How Field AI is Conquering Unstructured Autonomy



One of the biggest challenges for robotics right now is practical autonomous operation in unstructured environments. That is, doing useful stuff in places your robot hasn’t been before and where things may not be as familiar as your robot might like. Robots thrive on predictability, which has put some irksome restrictions on where and how they can be successfully deployed.

But over the last few years, this has started to change, thanks in large part to a couple of pivotal robotics challenges put on by DARPA. The DARPA Subterranean Challenge ran from 2018 to 2021, putting mobile robots through a series of unstructured underground environments. And the currently ongoing DARPA RACER program tasks autonomous vehicles with navigating long distances off-road. Some extremely impressive technology has been developed through these programs, but there’s always a gap between this cutting-edge research and any real-world applications.

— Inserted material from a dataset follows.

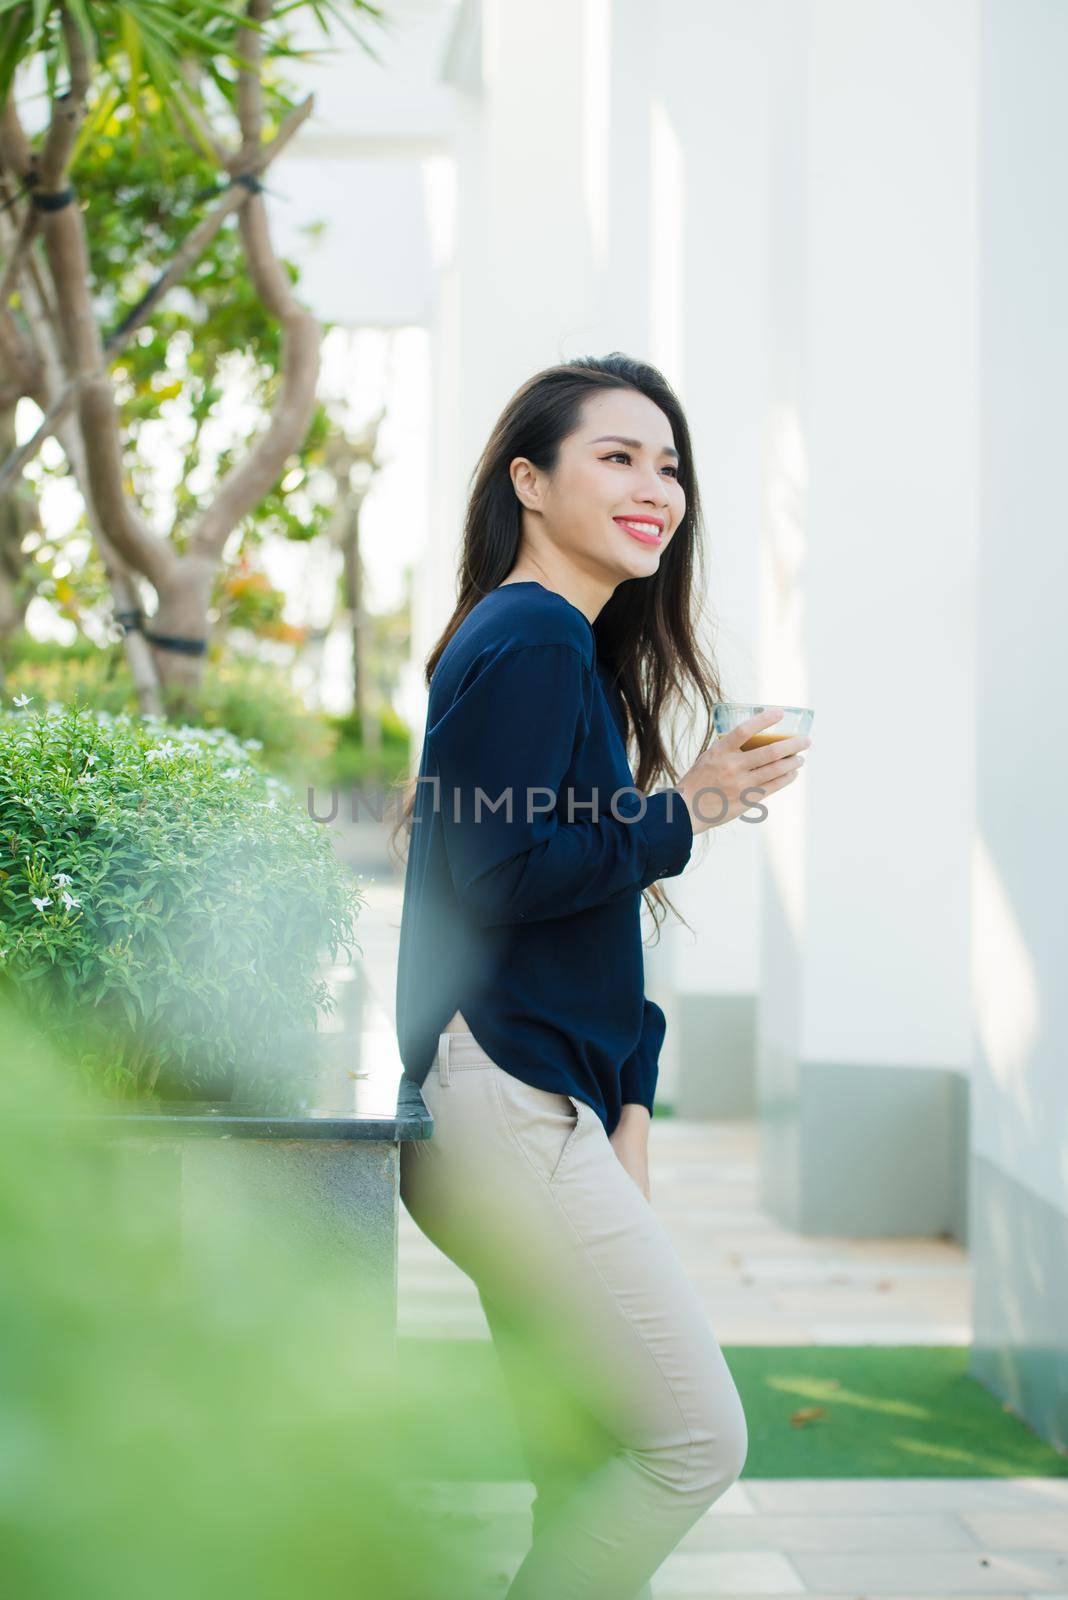 Summer terrace. Woman feeling very relaxed with hand holding glass of coffee while standing on summer terrace

Now, a bunch of the folks involved in these challenges, including experienced roboticists from NASA, DARPA, Google DeepMind, Amazon, and Cruise (to name just a few places) are applying everything that they’ve learned to enable real-world practical autonomy for mobile robots at a startup called Field AI.

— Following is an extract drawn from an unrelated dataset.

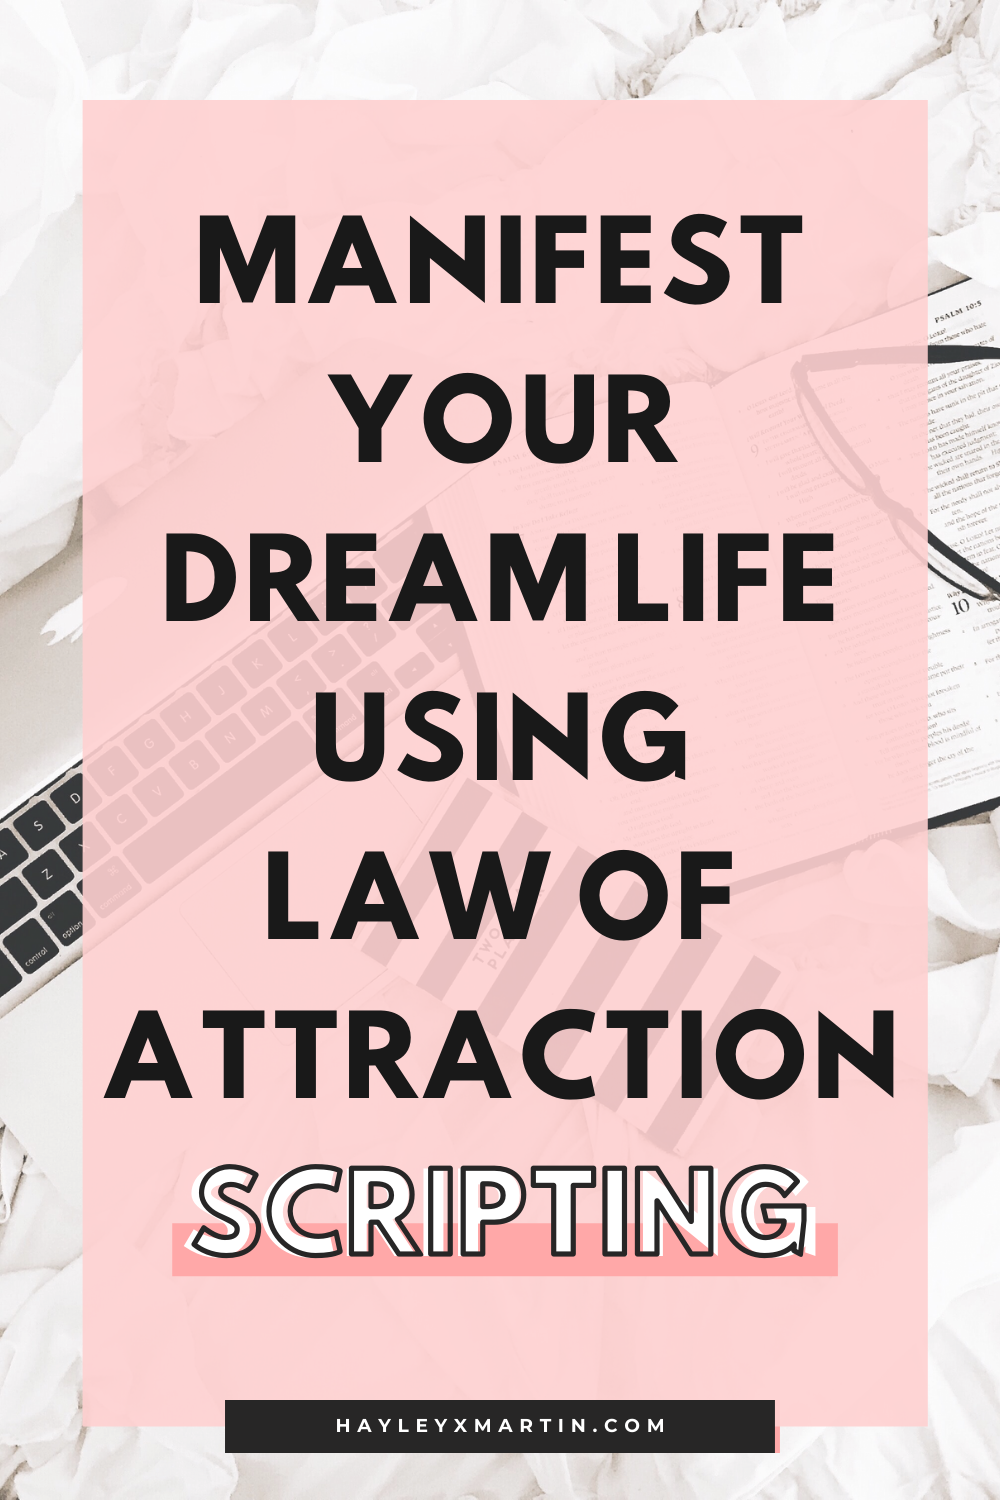 MANIFEST YOUR DREAM LIFE USING LAW OF ATTRACTION | HAYLEYXMARTIN

Field AI was co-founded by Ali Agha, who previously was the leader of NASA JPL’s Aerial Mobility Group. While at JPL, Agha led Team CoSTAR, which won the DARPA Subterranean Challenge Urban Circuit. Agha has also been the principal investigator for DARPA RACER, first with JPL, and now continuing with Field AI. “Field AI is not just a startup,” Agha tells us. “It’s a culmination of decades of experience in AI and its deployment in the field.”

Unstructured environments are where things are constantly changing, which can play havoc with robots that rely on static maps.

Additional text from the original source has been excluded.